The President often spends a portion of his overseas visits apologizing for one or another American transgression against the host country. Of course we have made our share of mistakes in the past. But they pale in significance when compared to the good we have done in the world. The memory of our mistakes should never cause an American President to confer on others the primary responsibility for protecting our interests and values.

The United Nations, although many of its founding principles were borrowed from our own, can never be an adequate substitute for American leadership. It has its uses, but to confer on that diverse organization, the leading responsibility for international stability, freedom and justice, will quickly render it incapable of any task whatsoever. 

As we continue to exercise our leadership it is important -- especially in this transitional moment in history -- not to let our past successes blind us to the necessity of adapting the instruments of our leadership to new problems, whether those problems be in the area of international finance or conflict resolution or arms control. A case in point is the greatest security challenge of the day -- the proliferation of weapons of mass destruction. 

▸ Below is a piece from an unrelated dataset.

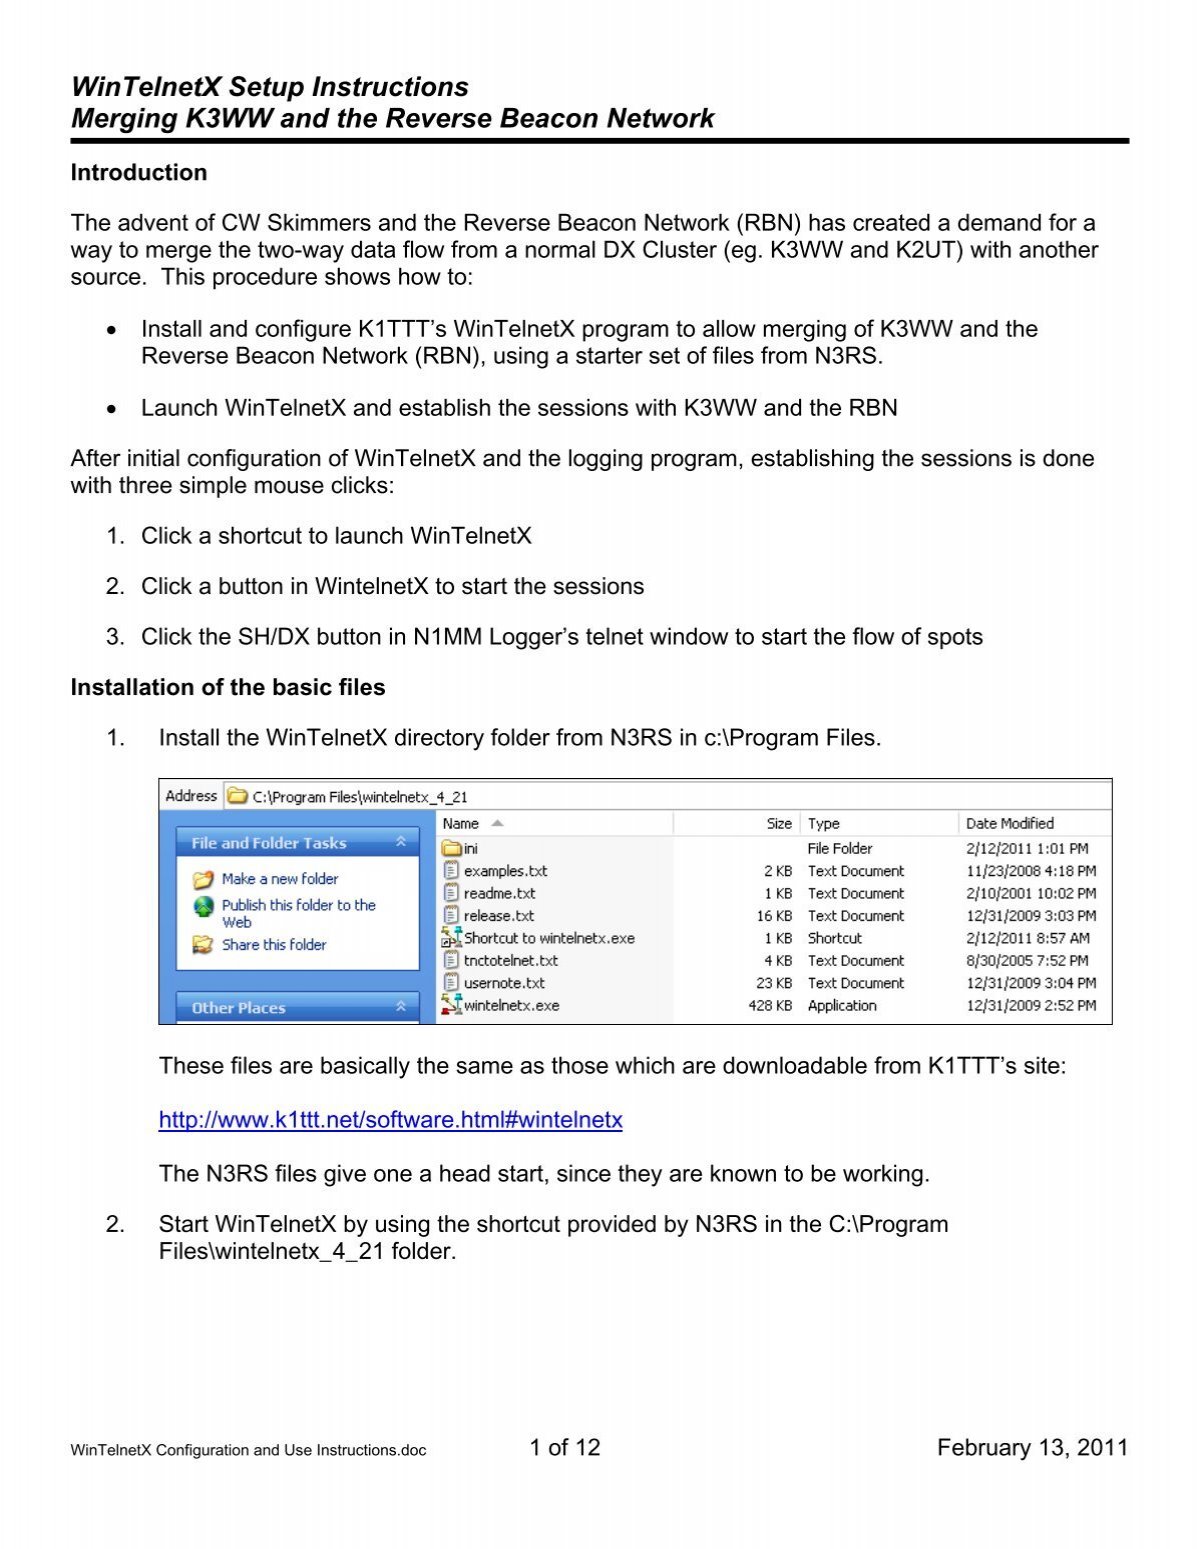 WinTelnetX Configuration and Use Instructions.pdf

A massive nuclear exchange between the United States and the Soviet Union is no longer our central preoccupation. The threat is much more diverse, and more difficult to deter. We urgently need a practical ballistic missile defense, and the ABM Treaty is for the moment blocking us from obtaining it. Whether the ABM Treaty had a beneficial effect on the Cold War arms race or not is an argument for historians. It is no longer relevant to our security needs, and we should not let sentiment or the status quo mindset of former adversaries prevent us from developing a defense against terrorists and rogue states and potential future enemies that will benefit all nations. Let us praise the good intentions that created the treaty, and tben consign it to the history pages where it belongs. 

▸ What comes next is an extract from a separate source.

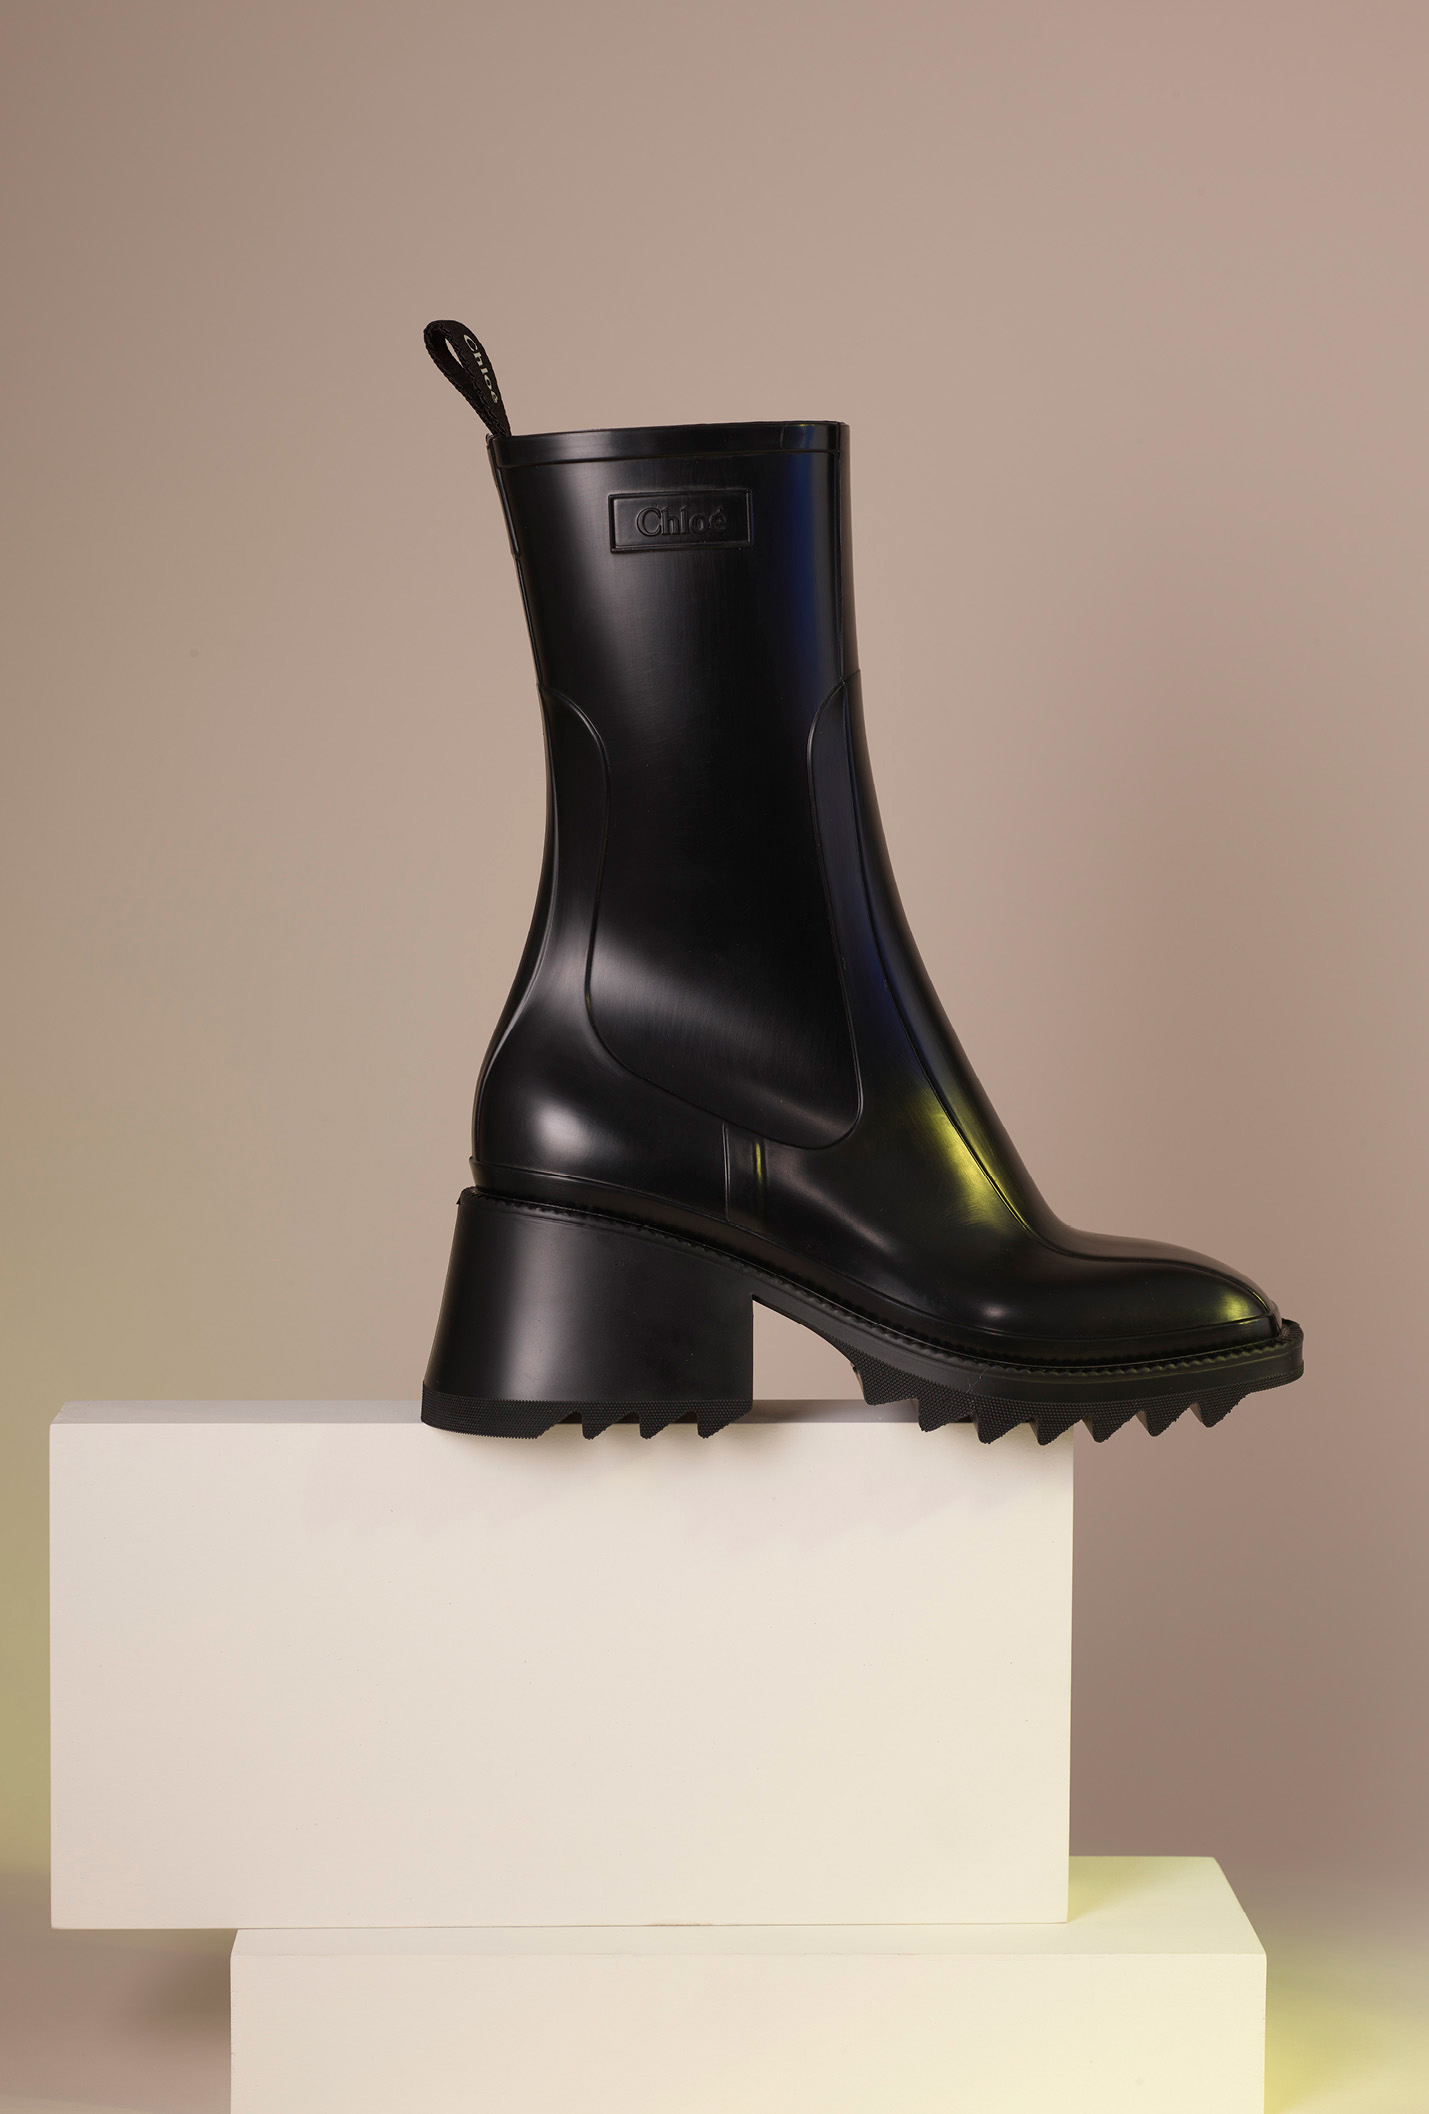 chloe boots 2019

Second, we must protect our interests to promote our values and vice versa.

Historically, foreign policy debates in the United States have been preoccupied with a false dichotomy between policies that are intended to protect our security interests and policies intended to promote our political values. In truth, I've never been able to understand what the fuss is all about. I think the debate is a waste of time. For the United States, values and interests are inextricably linked, and traditionally, American leaders have designed policies to serve both ends.

The policy of containment was based first and foremost on our faith in our core values -- individual freedom and rights, democracy, pluralism, free markets, and the rule of law. Core values that are, by the way, universal values -- absurd pretenses like an "Asian way" notwithstanding. 

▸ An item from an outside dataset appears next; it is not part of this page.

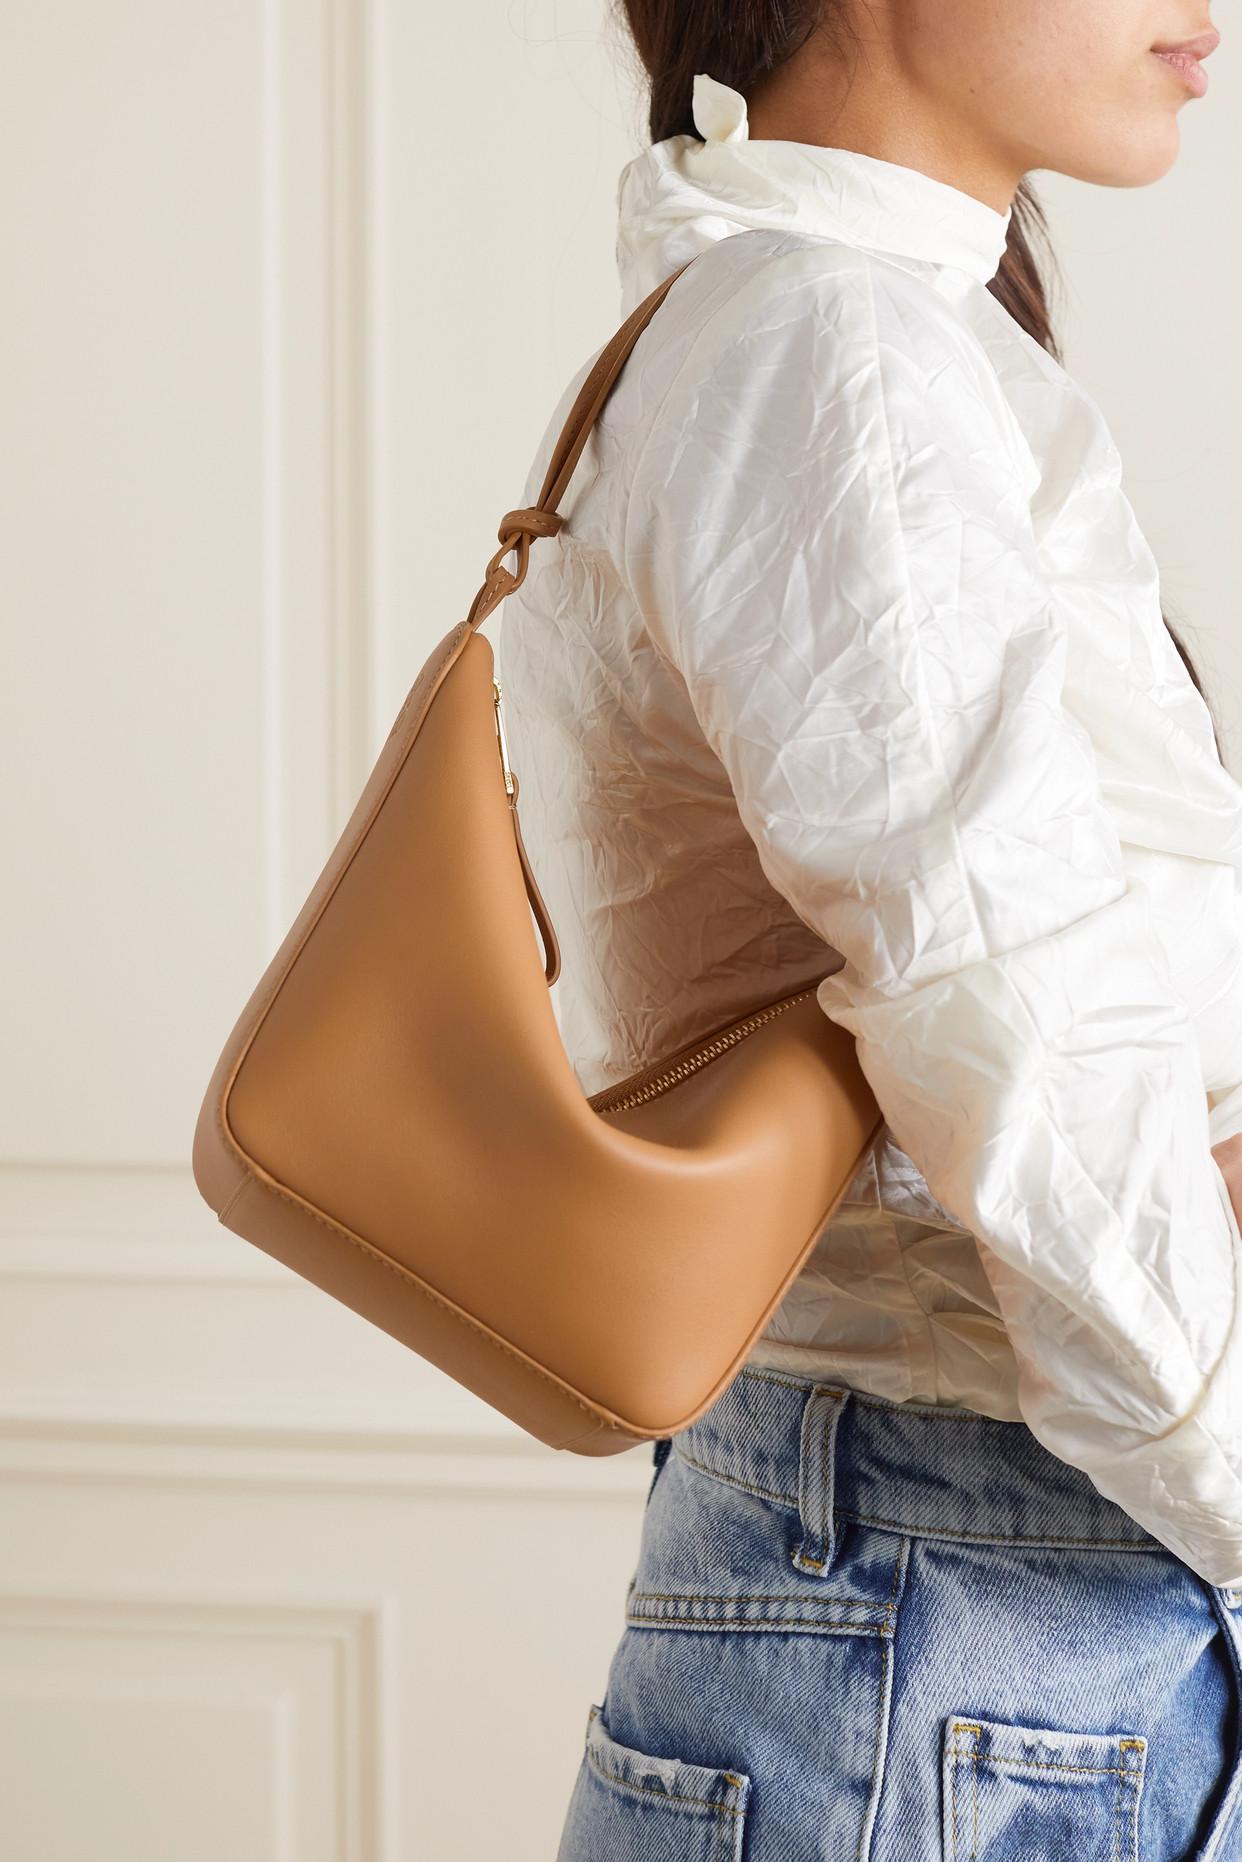 Loewe Hammock Mini leather shoulder bag

Soviet communism was a threat not only because of geopolitics and nuclear weapons. It threatened our values as well. Without the dimension of supporting American values, it would not have been possible to sustain containment for over 40 years. By reaffirming and projecting our values we mobilized and sustained public support. We did not just stand against communism. We stood for freedom.

Our close friendship with Israel is another example of the common convergence between our interests and values. Israel is a strong, democratic ally in a region where our political values are generally unwelcome and where our vital interests numerous.

Recognizing this relationship is the most important condition for formulating a strategic vision for the world. It informs both our conception of how we want the world to look and the means we use to realize our vision. Because our values are universal and our interests far reaching, there is often a temptation to inject ourselves into every foreign policy problem that arises. Consequently, we squander resources and public support without advancing our interests and values anywhere. Those issues where our values and interests most closely converge form the basis than for the prioritization of our goals.

Political reforms are the best assurance that China will emerge as a nonthreatening great power. We may argue over whether economic engagement and rising prosperity further or hinder those reforms, but they should be the objective of both camps. We need not shrink from a strong advocacy of religious and political freedom.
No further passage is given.